With TCS buyback opening on March 9, it is time to focus on realities and away from headline grabbing ‘how much returns you can make’ based on fantasy acceptance ratios.
The original purpose for which buybacks were conceived was to give managements/corporate boards a tool to signal to shareholders that in their view the company’s shares are undervalued. In India many a times it is used for anything but this.
(read our Big Story in portfolio edition dated September 5, 2021: ‘Why all stock buybacks are not buy signals’).
Further, SEBI rules mandating 15 per cent of offer size be reserved for small shareholders (holding shares up to a value of ₹2 lakh), brings in arbitrage opportunity into stock buybacks for small shareholders to buy at lower price and flip it at higher buyback price for some quick bucks.
What it means to fundamentals
From a pure fundamental analysis perspective, buybacks add no value to a stock as compared to dividends other than when large buybacks are done when a stock is undervalued.
Based on the above factors, the TCS buyback is completely insignificant from a fundamental perspective. The buyback represents a miniscule 1.1 per cent of its outstanding equity. Further the TCS stock is anything but undervalued, as buyback as a tool is meant to indicate.
At its current price, TCS is valued at a rich 31 times FY23 PE (Bloomberg consensus), the stock is trading at a good 25 per cent premium to its 5 year average valuation, in an environment reeling with geopolitical and economic uncertainties. Further at the buyback price of ₹4,500, TCS is valued at FY23 PE of 37.5 times. Global IT consulting and IT services leader Accenture trades cheaper versus TCS at 27 times.
What should an investor do?
As compared to past buybacks of TCS done in the years 2018 and 2020, when during the buyback window period TCS shares had rallied right close to the respective buyback prices then, this time the stock is languishing at a good discount to the buyback price. The buyback price is currently (closing price on March 8) at a 25 per cent premium.

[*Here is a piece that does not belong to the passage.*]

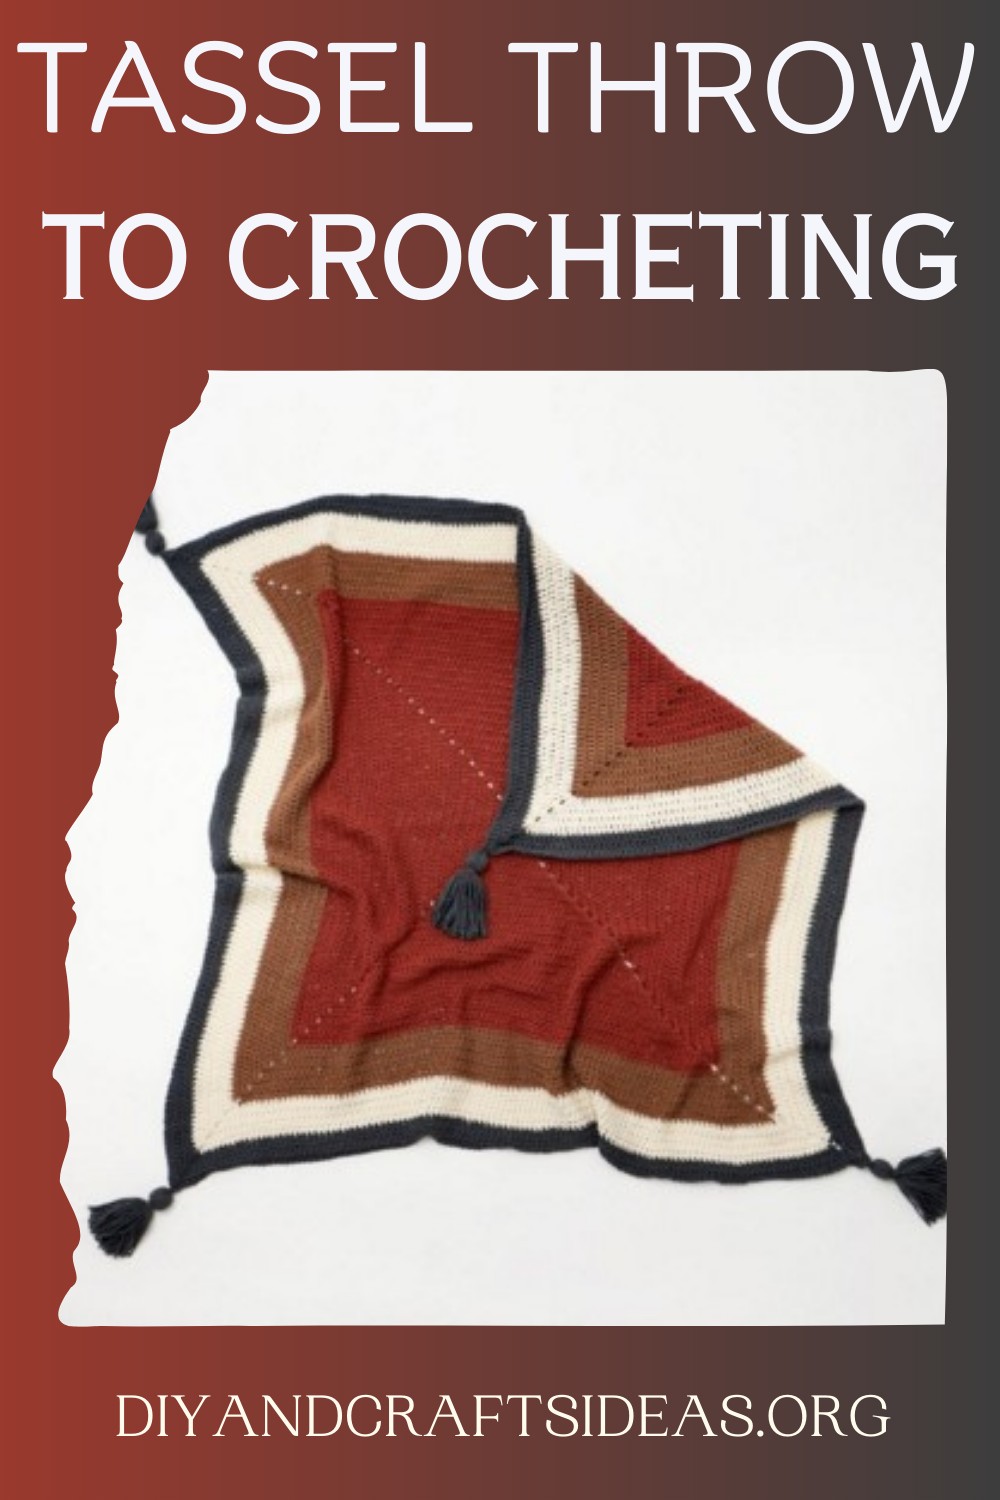 Windsor Tassel Throw To Crocheting

This indicates investors’ view that the buyback price is way above fundamental value of the stock. This also logically implies most investors will tender their shares, resulting in lower acceptance ratios. TCS promoters who own 72 per cent of the company have also said they will be tendering their shares for the buyback as they have done in 2018 and 2020, thus consuming most of the buyback value of ₹18,000 crore.
As of December 31, shareholders with less than ₹2 lakh in value owned 3.6 per cent of TCS shares. With 15 per cent of the buyback reserved for them (15 per cent*1.1 or 0.16 per cent of outstanding shares will be bought from them), assuming all of them tender, the acceptance ratio will be around 5 per cent (0.16/3.6). The acceptance ratio could be even lower if the percentage of small shareholders has increased in anticipation of the buyback
Thus for example, if you had ₹1.5 lakh worth of TCS shares today and tendered in the buyback, based on the above assumption, roughly ₹7,500 worth of your shares will be accepted. And this when compared with its current share price, will yield you a meagre profit of ₹1,875 (25 per cent buyback premium over current share price) on your current investment value of ₹1.5 lakh.
This works out to an extra return of a paltry 1.25 per cent on your investment (1,875/1,50,000). This is why the buzz around this TCS buyback is mostly hype and less of substance. If you are above the ₹2 lakh value shareholder and thus not a small shareholder, your returns will be even significantly lower than what is mentioned above.
So should you tender? Well, that depends on whether the extra 1.25 per cent returns mentioned above matters to you.
Finally, here is the catch – if many investors feel the extra returns are not much and do not bother to tender, then the acceptance ratio can be higher, and returns will be higher. If the acceptance ratio is 10 per cent, then the returns will be proportionately higher at 2.5 per cent. But the probability of that is likely low. And even otherwise, the returns are not going to be great.
Bottomline, if you thought the TCS buyback was big thing, no its not. It isn’t much different from the same money distributed at a dividend yield of 1.1 per cent.
At BL Portfolio we had given a book profit recommendation in TCS in January 2021 when the stock was at ₹3,303. The stock has returned 9 per cent since then, underperforming the Nifty 50’s 16 per cent returns. We maintain our book profit recommendation in the stock as despite the sustained good performance by the company since initial Covid impact in June Q of 2020, its valuations appear to have run ahead of fundamentals. As mentioned above, the stock is expensive when compared with its historical valuation or with close peer Accenture. Till recently TCS always used to trade at a discount to Accenture for many years. It is hard to justify its current valuation when its 5 year earnings CAGR has just been at 10 per cent. Further a greater percentage of the TCS share price returns in recent years has come from valuation multiple expansion. In the current environment of geopolitical uncertainties combined with US Fed embarking on monetary tightening, multiple compression is likely, as higher interest rates will make equities less attractive on a relative basis. Investors also need to monitor whether these global factors impact client budgets and thereby revenues for companies like TCS.